How should I use scrapy-playwright without downloading images? #51

Closed
phongtnit opened this issue Jan 25, 2022 · 8 comments
Closed

How should I use scrapy-playwright without downloading images? #51

phongtnit opened this issue Jan 25, 2022 · 8 comments

Comments

@phongtnit
Copy link

Hi,

Could anyone help me to use scrapy-playwright without downloading images?

Thanks for your support,

@elacuesta
Copy link
Member

This seems like a duplicate of #26, please reopen with more info if you don't agree.

@lime-n
Copy link

lime-n commented Feb 28, 2022

This seems like a duplicate of #26, please reopen with more info if you don't agree.

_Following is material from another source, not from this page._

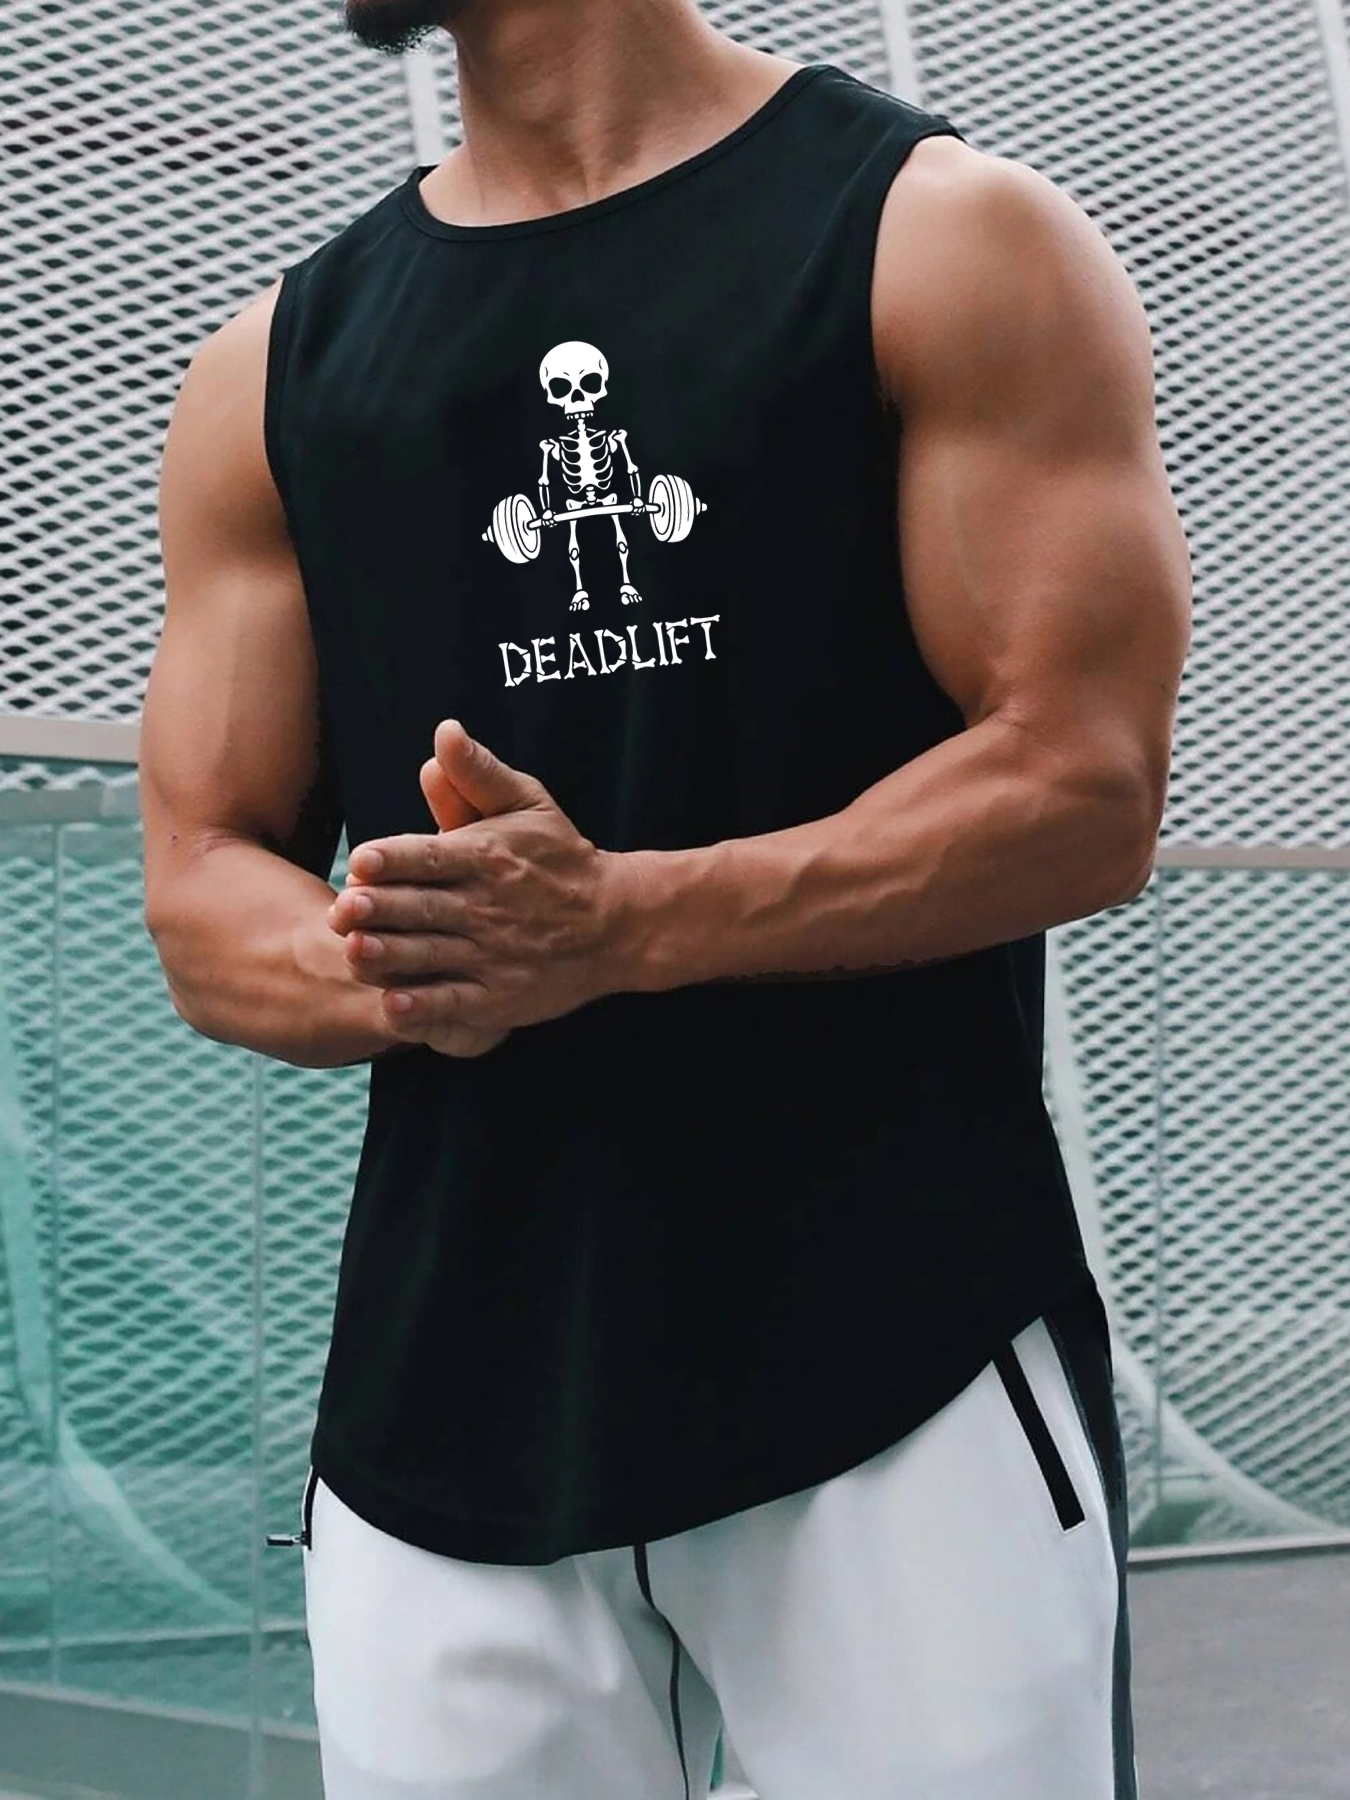 Summer New Y2K Sleeveless Top Men Muscle Tshirt Sporting Gym Clothing Mens  Sport Fitness Black Tank Tops Man Camiseta Gym Hombre
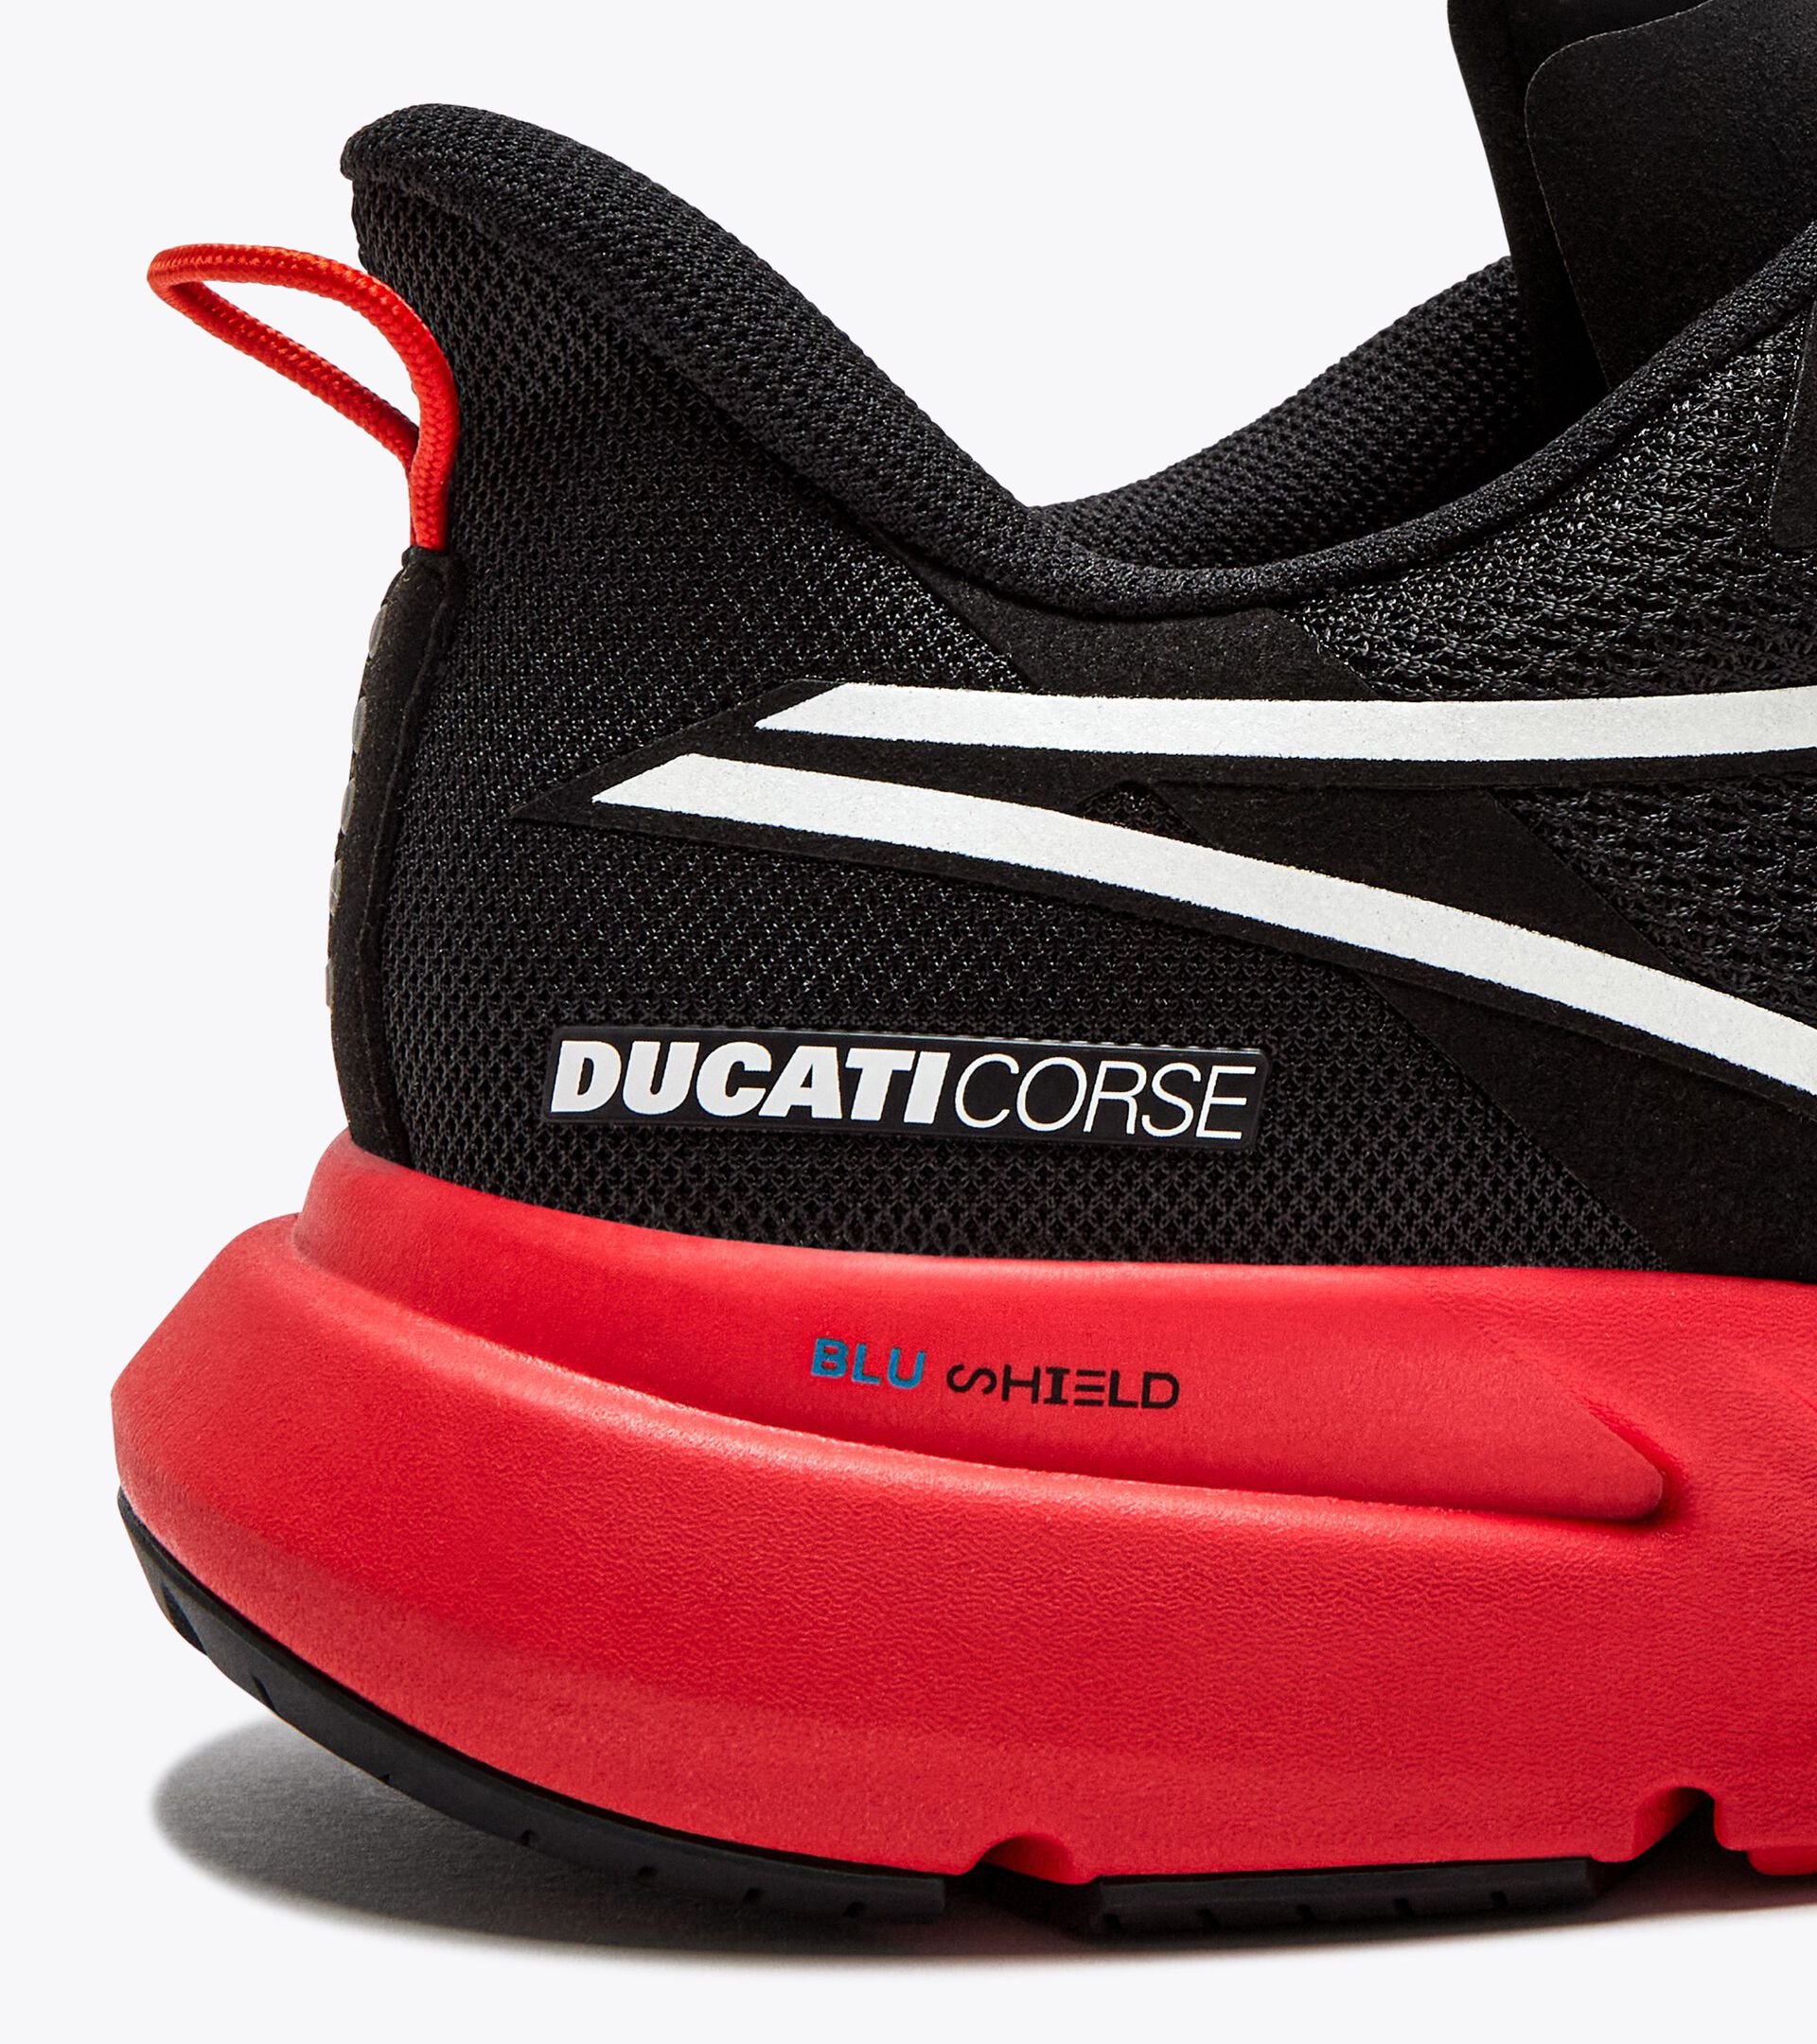 Scarpa da running diadora X Ducati Corse - Uomo  DUCATI VELOCE 4 NERO/ROSSO DUCATI MGP/NERO - Diadora

I have a question on this.

I have followed the example you provided in the answer to that thread, and from my initial thought I imagined no images would be downloaded, i.e. I would not get any response/requests sent to .jpeg attachements.

Here's the output I get:

 'playwright/context_count': 1,
 'playwright/page_count': 1,
 'playwright/page_count/closed': 1,
 'playwright/request_count': 30,
 'playwright/request_count/method/GET': 30,
 'playwright/request_count/navigation': 1,
 'playwright/request_count/resource_type/document': 1,
 'playwright/request_count/resource_type/font': 1,
 'playwright/request_count/resource_type/image': 20, #<- why are requests sent to images?
 'playwright/request_count/resource_type/script': 5,
 'playwright/request_count/resource_type/stylesheet': 3,

Perhaps I have misunderstood what context actually do - If I wanted no requests/responses sent/received from images how would I accomplish this or is this not the same as saying 'without downloading images'?

@elacuesta
Copy link
Member

Only #63 should be considered "in progress". That said, it's probably going to keep showing requests like that in the stats, because it relies on aborting requests caught by the Page.route method, while these stats are incremented via the request event. The playwright/request_count/blocked stat and lack of playwright/request_count/resource_type/image should be indicatives that it's working.

@lime-n
Copy link

lime-n commented Mar 1, 2022

Only #63 should be considered "in progress". That said, it's probably going to keep showing requests like that in the stats, because it relies on aborting requests caught by the Page.route method, while these stats are incremented via the request event. The playwright/request_count/blocked stat and lack of playwright/request_count/resource_type/image should be indicatives that it's working.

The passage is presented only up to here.